* **PROVIDED MATERIAL**:
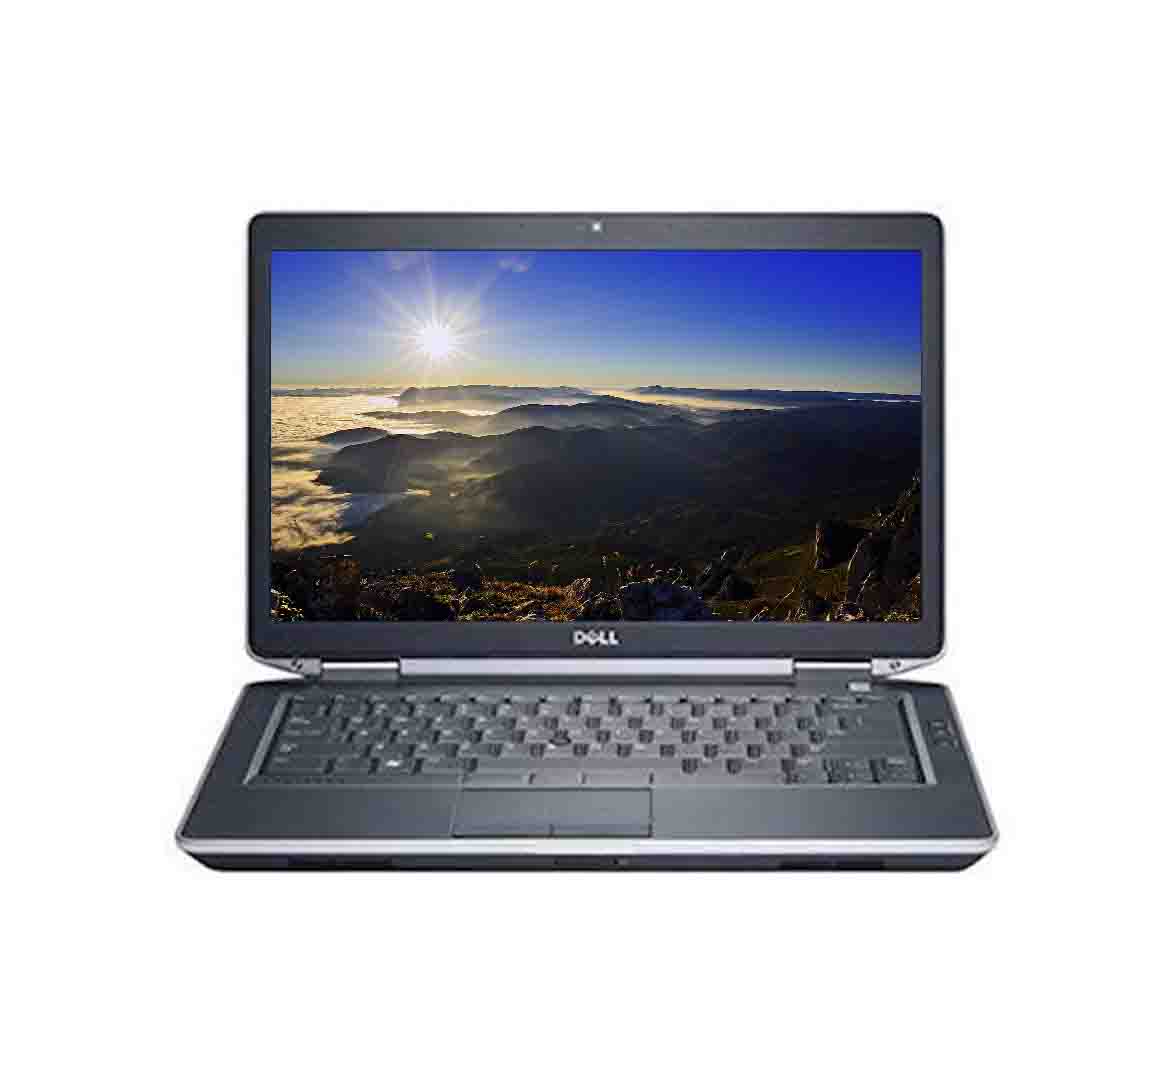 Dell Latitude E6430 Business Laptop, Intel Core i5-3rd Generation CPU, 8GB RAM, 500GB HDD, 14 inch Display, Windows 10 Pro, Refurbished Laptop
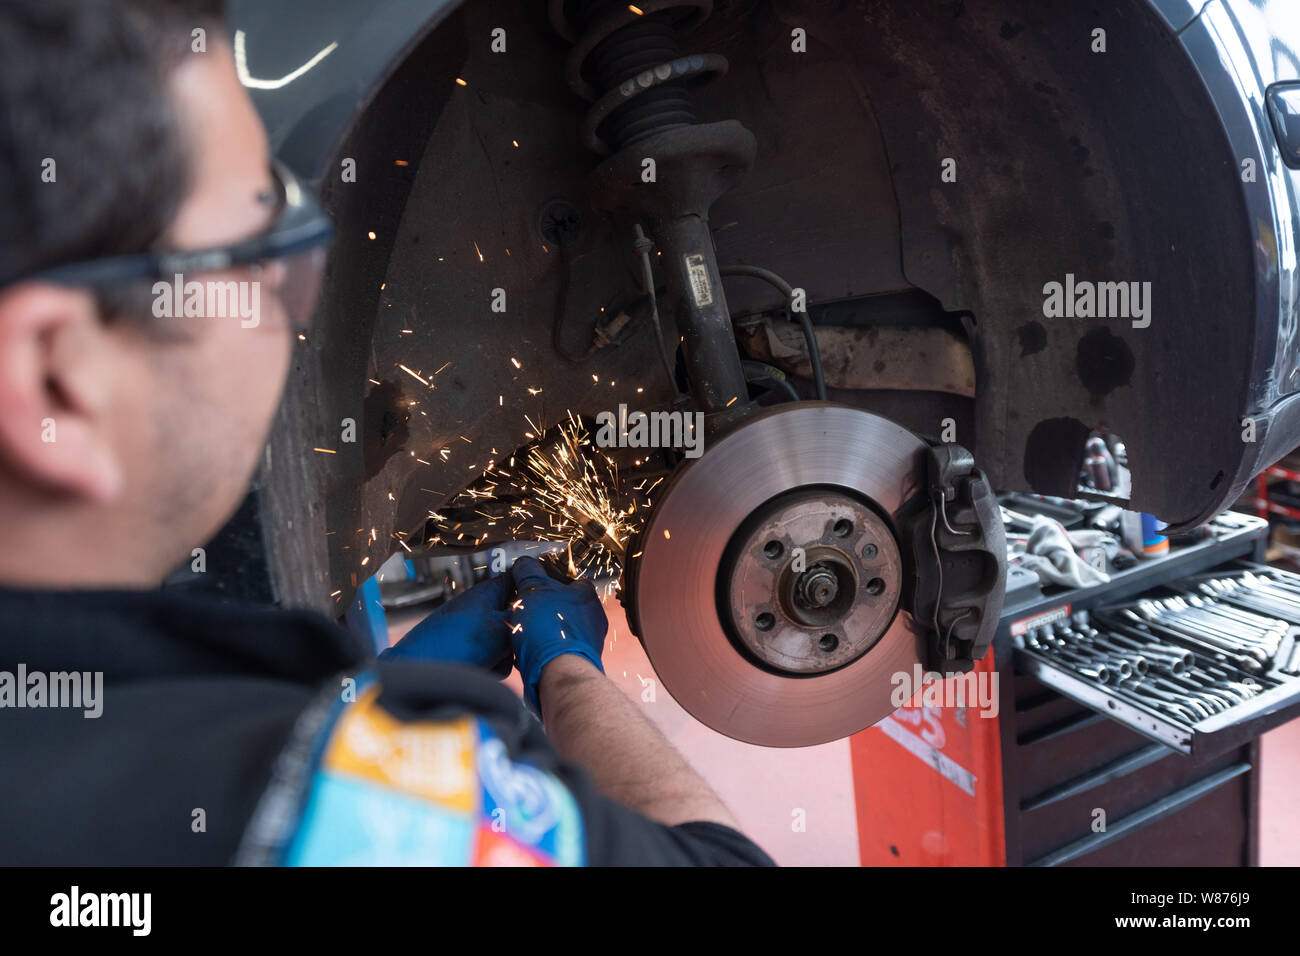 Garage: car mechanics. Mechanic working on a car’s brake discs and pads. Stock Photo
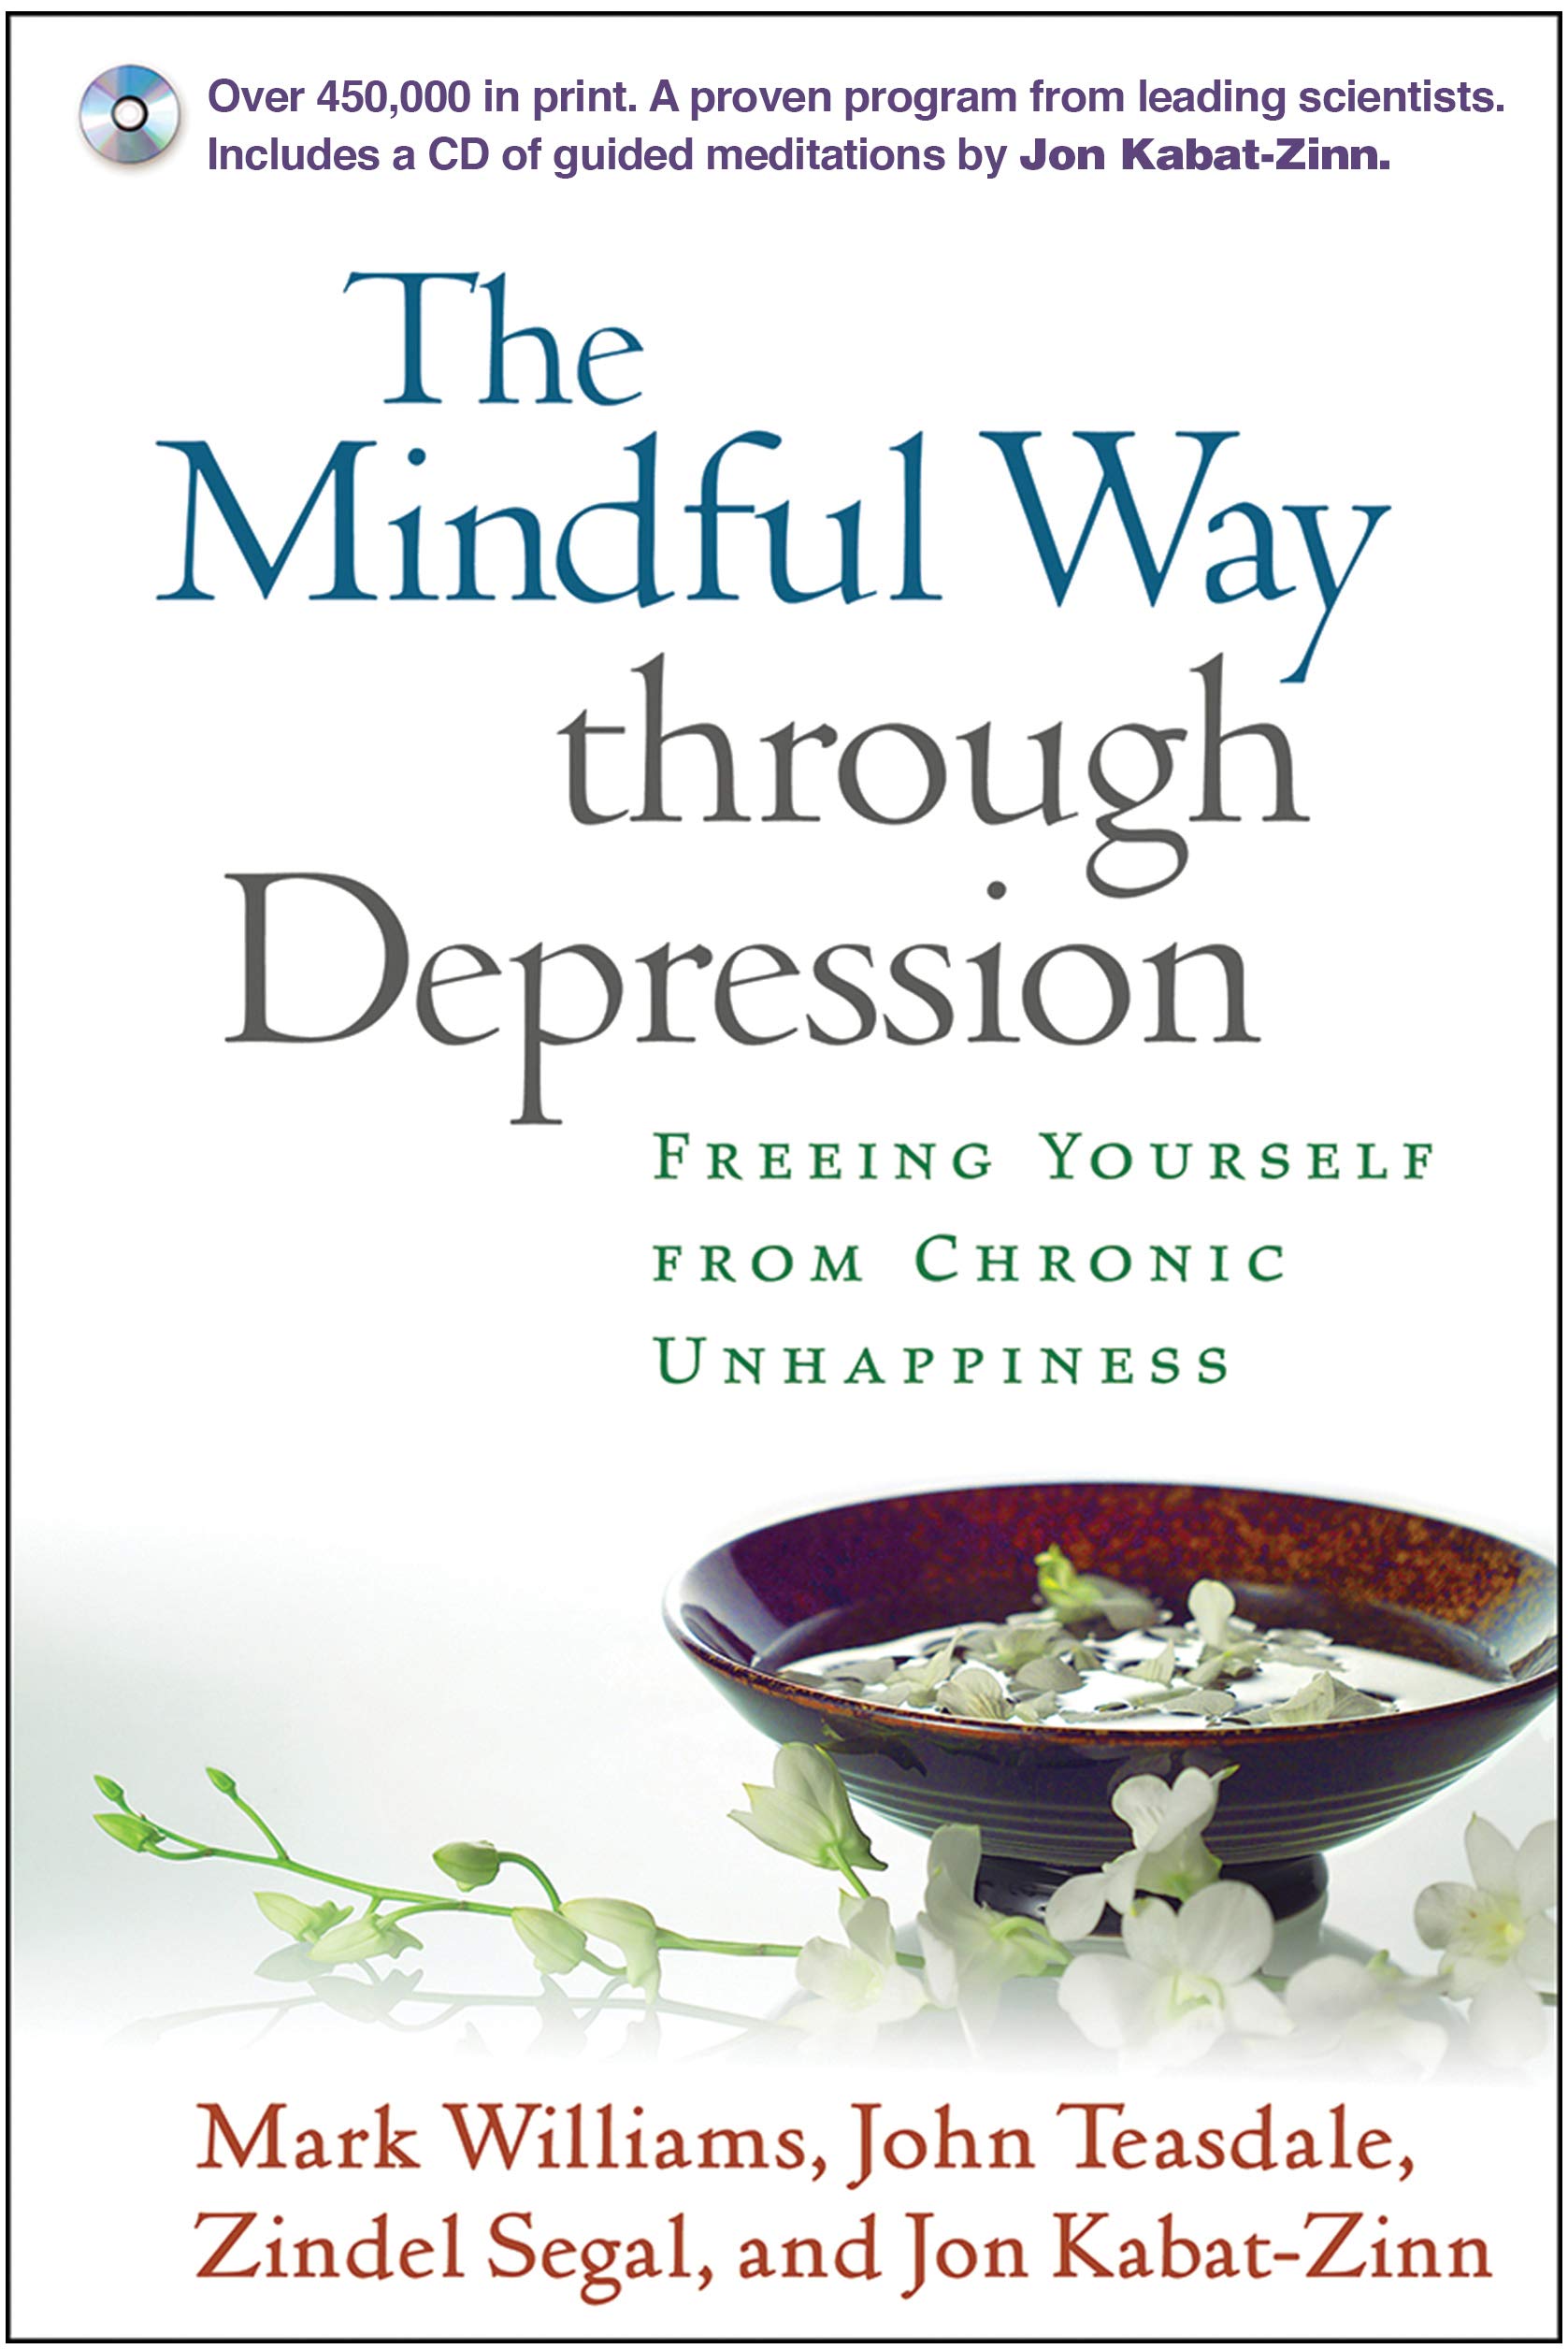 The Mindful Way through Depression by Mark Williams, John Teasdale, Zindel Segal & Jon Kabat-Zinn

* **WORK ITEM**: Once the pictures are removed, copy the material above exactly.

* **REPLY**:
 Dell Latitude E6430 Business Laptop, Intel Core i5-3rd Generation CPU, 8GB RAM, 500GB HDD, 14 inch Display, Windows 10 Pro, Refurbished Laptop
 Garage: car mechanics. Mechanic working on a car’s brake discs and pads. Stock Photo
 The Mindful Way through Depression by Mark Williams, John Teasdale, Zindel Segal & Jon Kabat-Zinn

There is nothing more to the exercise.